Linux USB3.0 card with IOMMU ON = unstable

Hello i built myself a linux server that i use primarily for VM’s. It has CentOS 7 and the latest mainline kernel. I pass through various pci-e cards (scsi/sas raid/sas IT mode/Quadro GPU) and they work absolutely fine in all windows guest OS’s that i setup with KVM/QEMU.

I wanted to also pass through a USB3.0 PCI-E card because i want the native performance of it in case i want to plug in high speed USB devices.

A VIA based card works for about 5 minutes and then dies. There are errors in DMESG that XHCI failed/died and was cleaned up. Sometimes i can do a /remove /rescan of the pci bus and it will come back for a short time.

A Renesas based card seemed to work for longer, but when it dies it can cause the entire PC to freeze up.

A last resort i bought an ASMEDIA card to try, but again, after so long it will die (but it doesn’t lockup the pc thankfully). I noticed with this card that i get DMAR releated errors and eventually “Kernel Message: IRQ X disabled”. The IRQ’s in question always point to the USB 3.0 card.

I’ve read lots of threads with people having issues with xhci (USB3.0) on linux and the majority of solutions were to set “iommu=soft” as a kernel parameter. As i understand, this causes Linux to emulate the IOMMU in software? I did try this and it seems to have fixed the problem, but it’s not really viable for me to use this because it breaks the ability to passthrough pci devices to KVM. When i try to pass through with iommu=soft, KVM just says “system doesn’t have pass through support”.

Can anyone shed light on this? If you need more information just let me know what i should provide please.

Thanks,
James.

VIA chips simply DON’T WORK when IOMMU is on. You should disable that in BIOS.

The best luck seems to come from Fresco Logic chipsets. But be careful that those controllers have a reset bug.

Are you using the ACS patch? I was able to pass through an onboard USB controller. Maybe you could do that and leave the add-on card for the host?

Shame about the reset bug else i would have tried a fresco. I did look around to see if intel made a pci-e card but it seems they dont exist… i’m running out of usb chipsets to try. I really dont want to have to resort to a usb2 card unless i have to.
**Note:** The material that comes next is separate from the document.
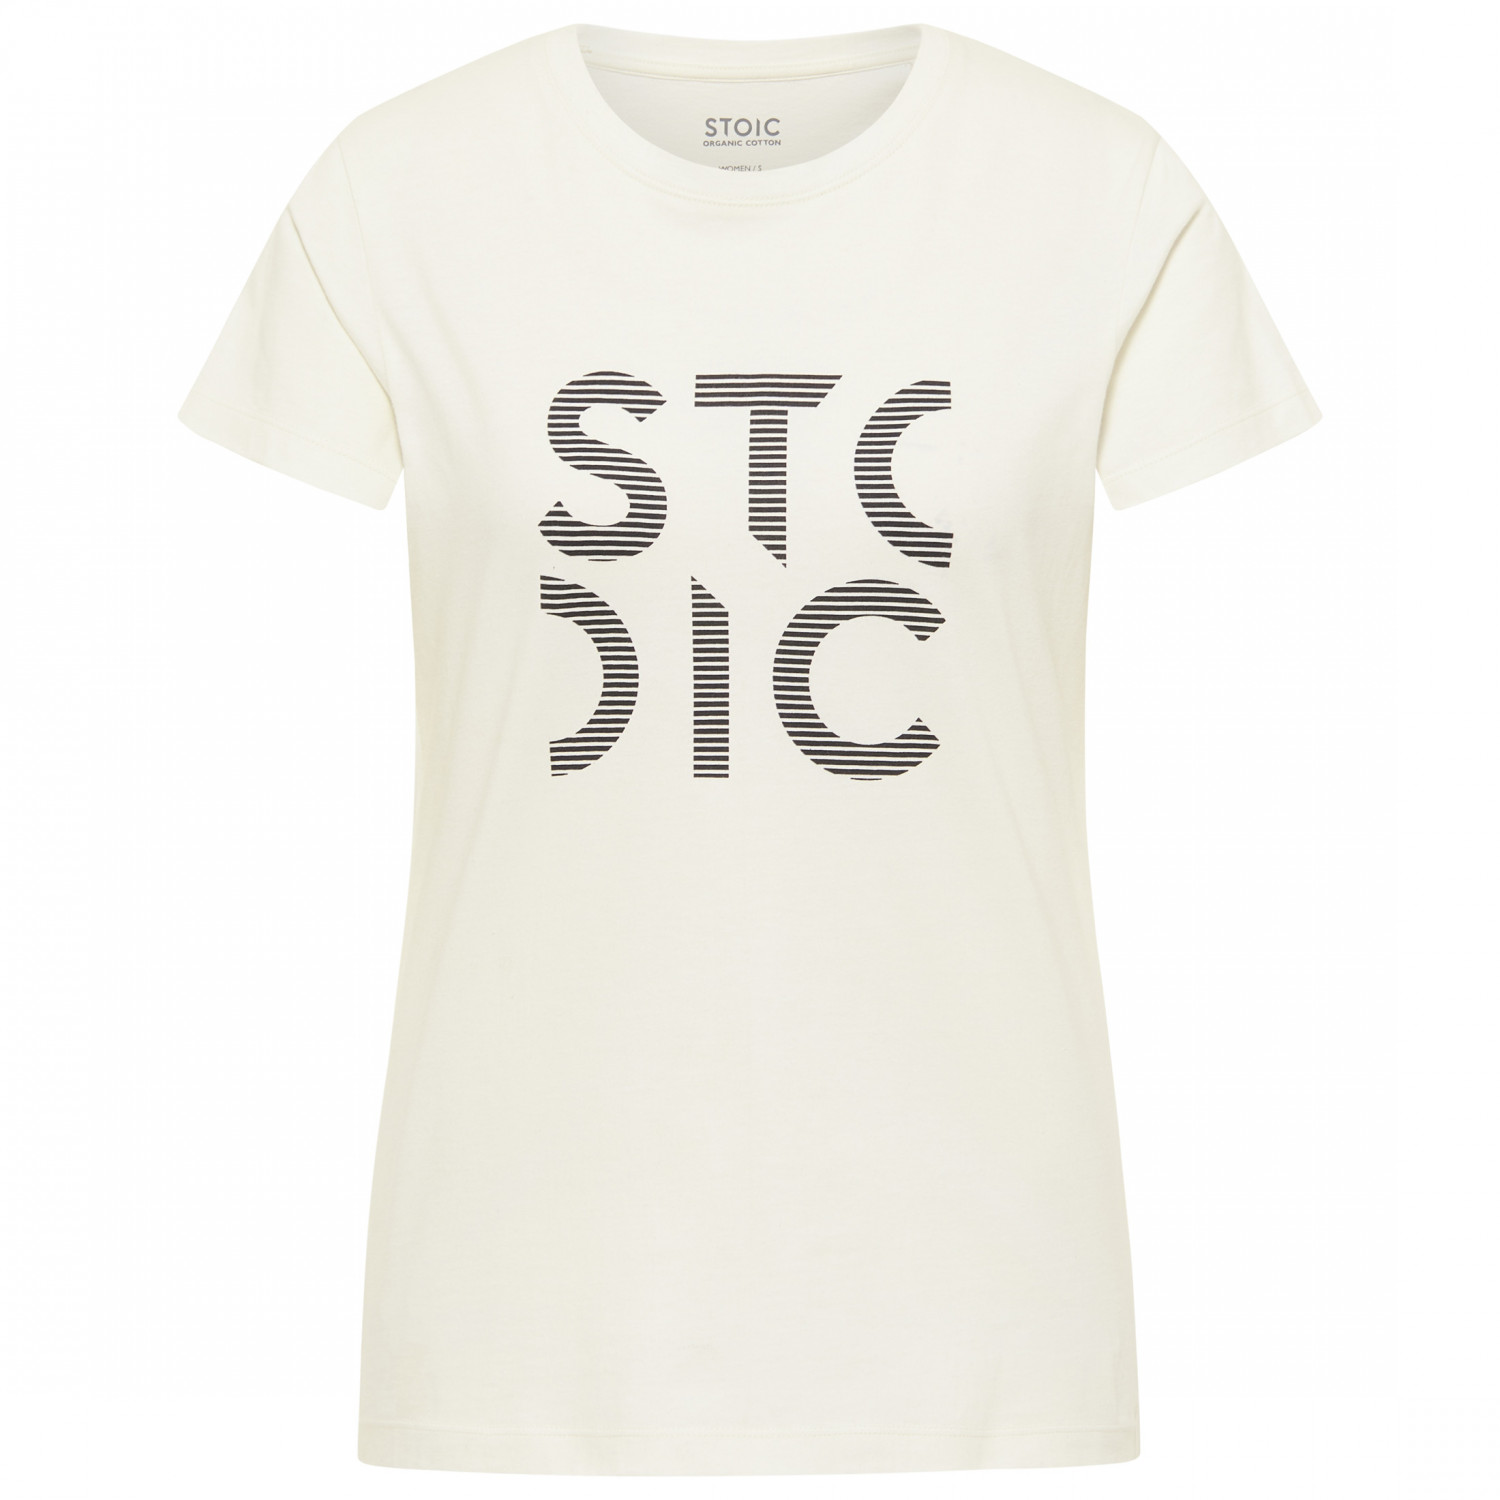 Футболка Stoic Women's Organic Cotton HeladagenSt S/S, цвет Blanc White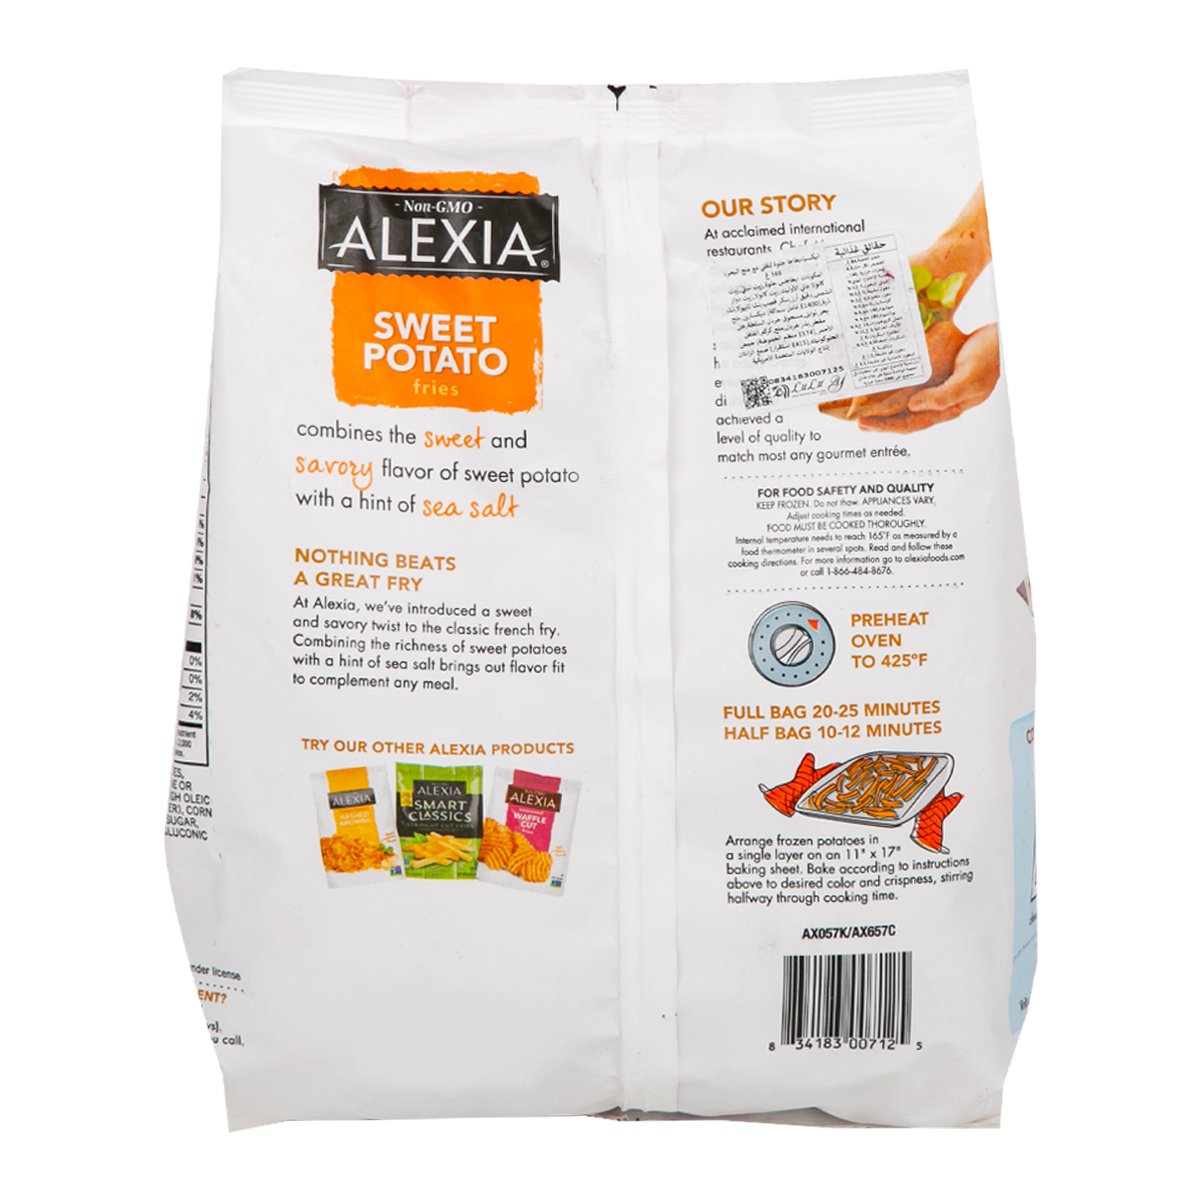 Alexia Sweet Potato Fries with Sea Salt 566 g

I thought about seeing if there was a thunderbolt card i could buy and then use an adapter to get usb 3.0 through it? not 100% sure if this might be doable? it’s an option i suppose. That’s if a thunderbold card would pass through without any problems…

I’m not using any ACS patch. It’s a supermicro dual socket board but the IOMMU grouping has never been a problem. Everything i pass through is in separate groups and no sharing with anything else.

Just a random question here? Do you have any ACPI features enabled in the BIOS? Are you seeing any ACPI or powerstate messaged in DMESG? In the 4.16 Kernel, there was work on power saving and and turning off “idle” USB chipsets to allow systems to stay in a lower C state. Maybe what you are experiencing is the USB chipset going to sleep and not being woken up properly?

More PowerState changes are being worked on in 4.17 and they are really aggressive.

Random is good, anything that gives another line of investigation is helpful. I couldn’t see anything in the BIOS for ACPI/power related settings for USB. Although if there were im not sure it would apply to an addon card? I did try toggling the PCI-E ASPM (a PCI-E low power state option) but it made no difference whether it was on or off.

Sorry then. I tried.

I don’t know if this is actually fixed yet but there has been some progress. One of the other issues i had with the USB 3.0 cards was that they would instantly die when plugging a 2.5 inch usb disk in. Low power items would work, but like i said before, the cards would alwauys die after so long. Sometimes just a few minutes.

Looking at lspci again today i noticed that the USB card is sharing an IRQ with several other devices. One of the devices it’s sharing with is a very very old adaptec ultra SCSI card that is connected via a PCI to PCI-e adapter. I seem to recall that the adaptec card didn’t like IRQ masking (or there was some error about INTx masking in KVM when i was playing trying to get it to pass through a few months back). I pass this card through sometimes to use my ancient Epson Perfection scanner! So i did some card swapping a moment ago and managed to get the USB card to use it’s own IRQ… Now i can plug in 2.5 inch disks, and other higher powered devices without it instantly falling over. Its too early to tell if the card is actually 100% fixed now but this seems like progress!